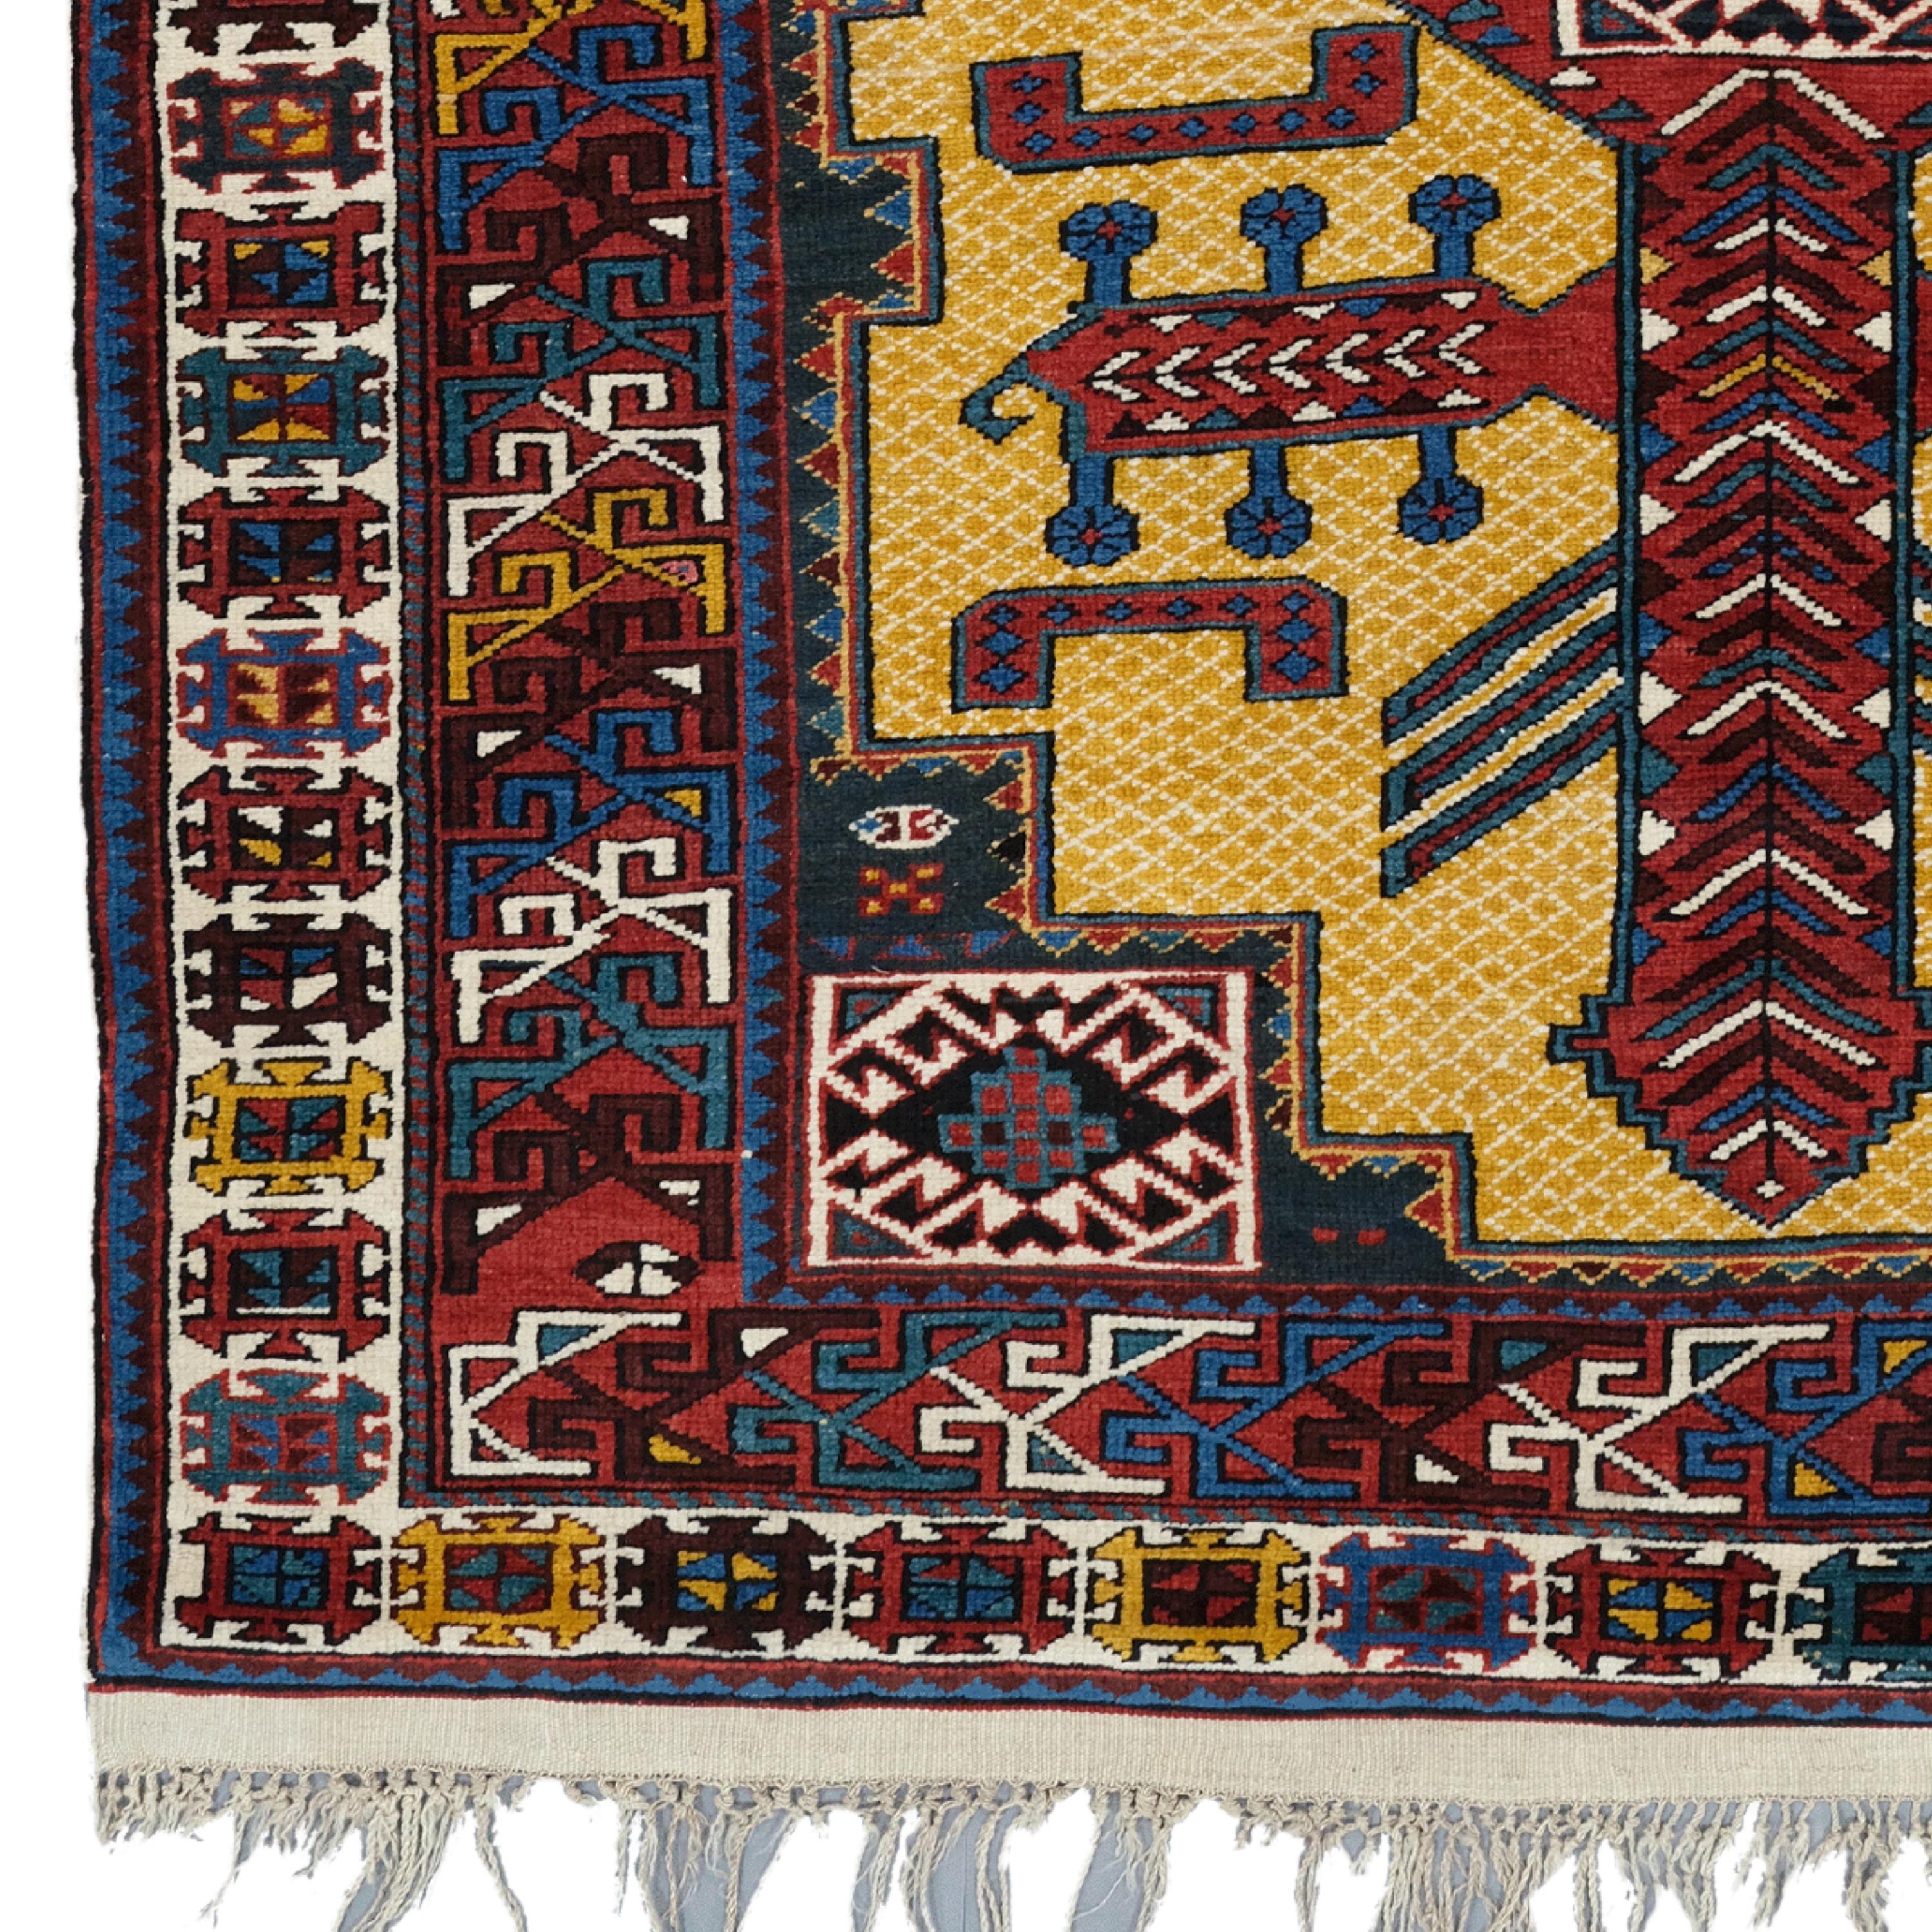 Antique Shirvan Rug  Caucasus Rug
19th Century Caucasian Shirvan Rug
Size: 130x228 cm

An Authentic Work of Art: 19th Century Caucasian Shirvan Carpet

If you want to add an authentic and stylish touch to your home or office, this 19th Century

-*-*-

- **TASK DESCRIPTION**:
The records above need to be printed in full and exactly, without any of the pictures.

- **TASK RESPONSE**:
 Antique Shirvan Rug  Caucasus Rug
19th Century Caucasian Shirvan Rug
Size: 130x228 cm

An Authentic Work of Art: 19th Century Caucasian Shirvan Carpet

If you want to add an authentic and stylish touch to your home or office, this 19th Century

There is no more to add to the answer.